Lines 7–10 fully define the new load and store instructions, in terms of basic interface signals Vaddr (the address used to access local data memory), MemDataIn128 (the data being returned from local data memory), and MemDataOut128 (the data to be sent to the local data memory). The use of 128-bit memory data signals also guarantees that the local data memory will be at least 128 bits wide. Line 11 lists the three new ALU operations that can be put in the third slot of the long instruction word. Lines 12–14 fully define those operations on the 128-bit wide register file: add, bit-wise AND, and bit-wise OR.

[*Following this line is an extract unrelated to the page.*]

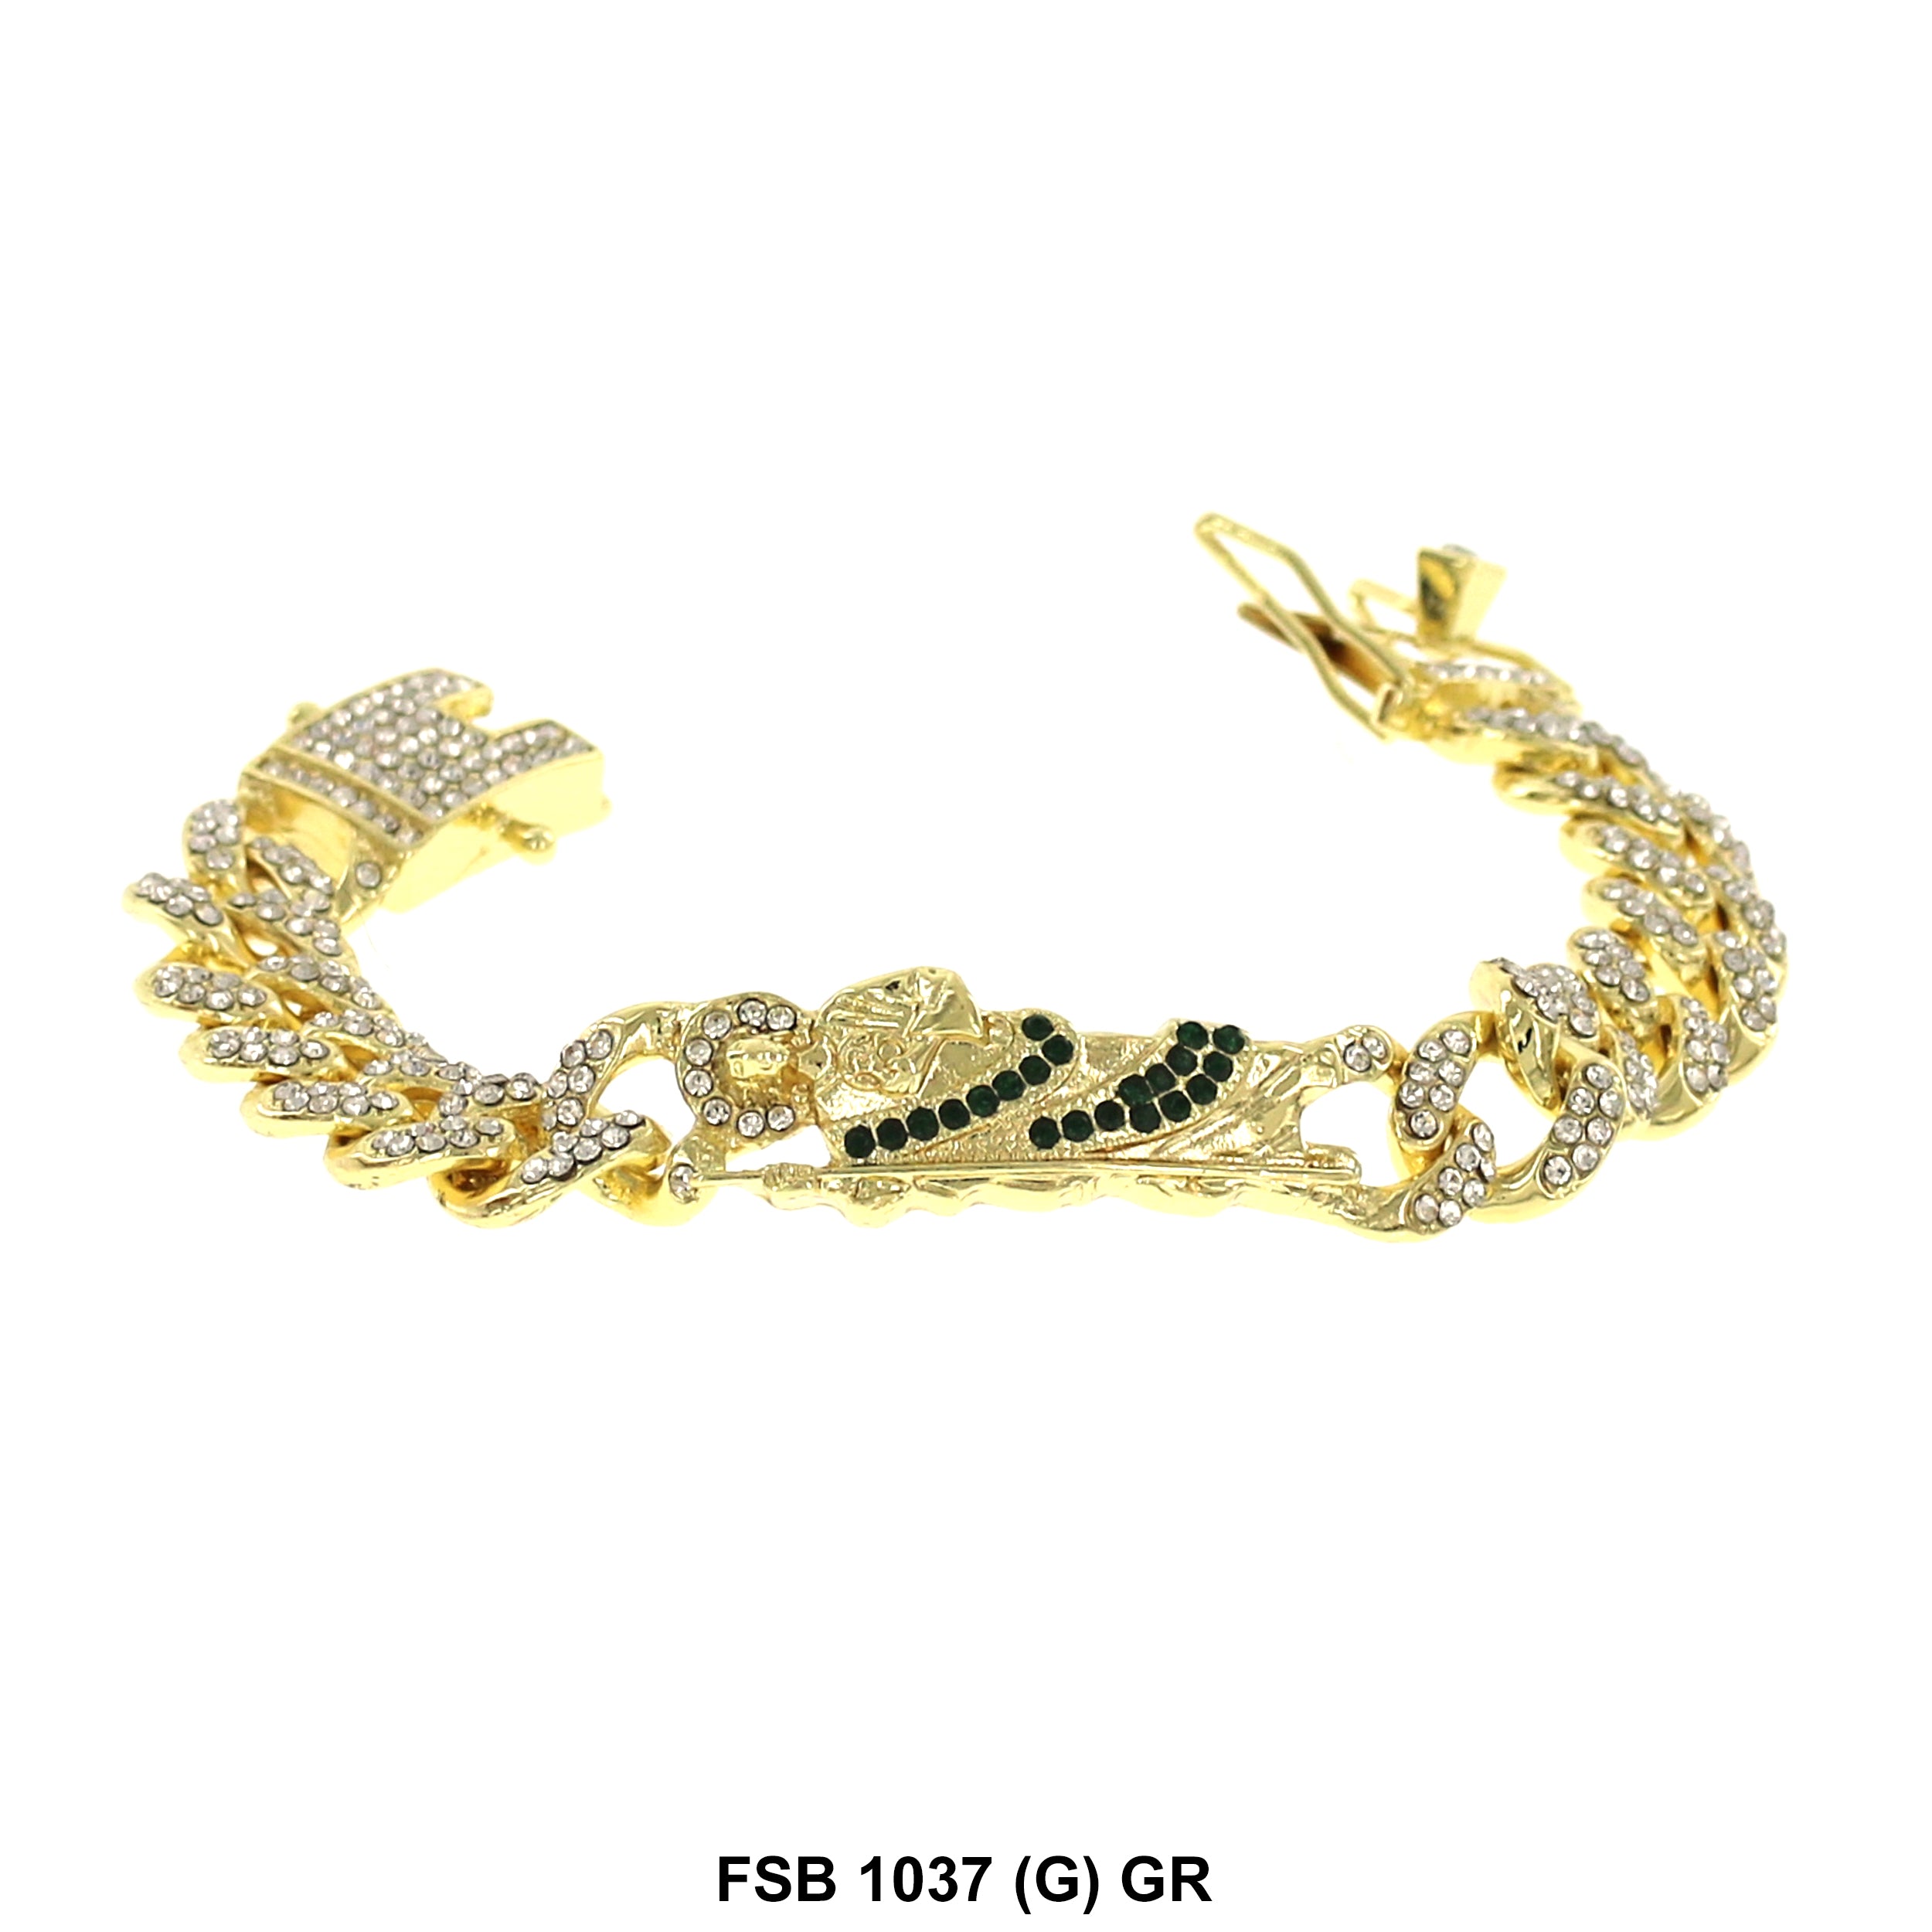 San Judas Stones Bracelet FSB 1037 (G) GR

With this example, any combination of the 39 instructions (including NOP) in the first slot, three instructions in the second slot (loadx, storex, and NOP), and four instructions in the third slot can be combined to form legal instructions—a total of 468 combinations. This example shows the potential to independently specify operations to enable instruction-level parallelism. Moreover, all of the techniques for improving the performance of individual instructions—especially fusion and SIMD—are readily applied to the operations encoded in each sub-instruction.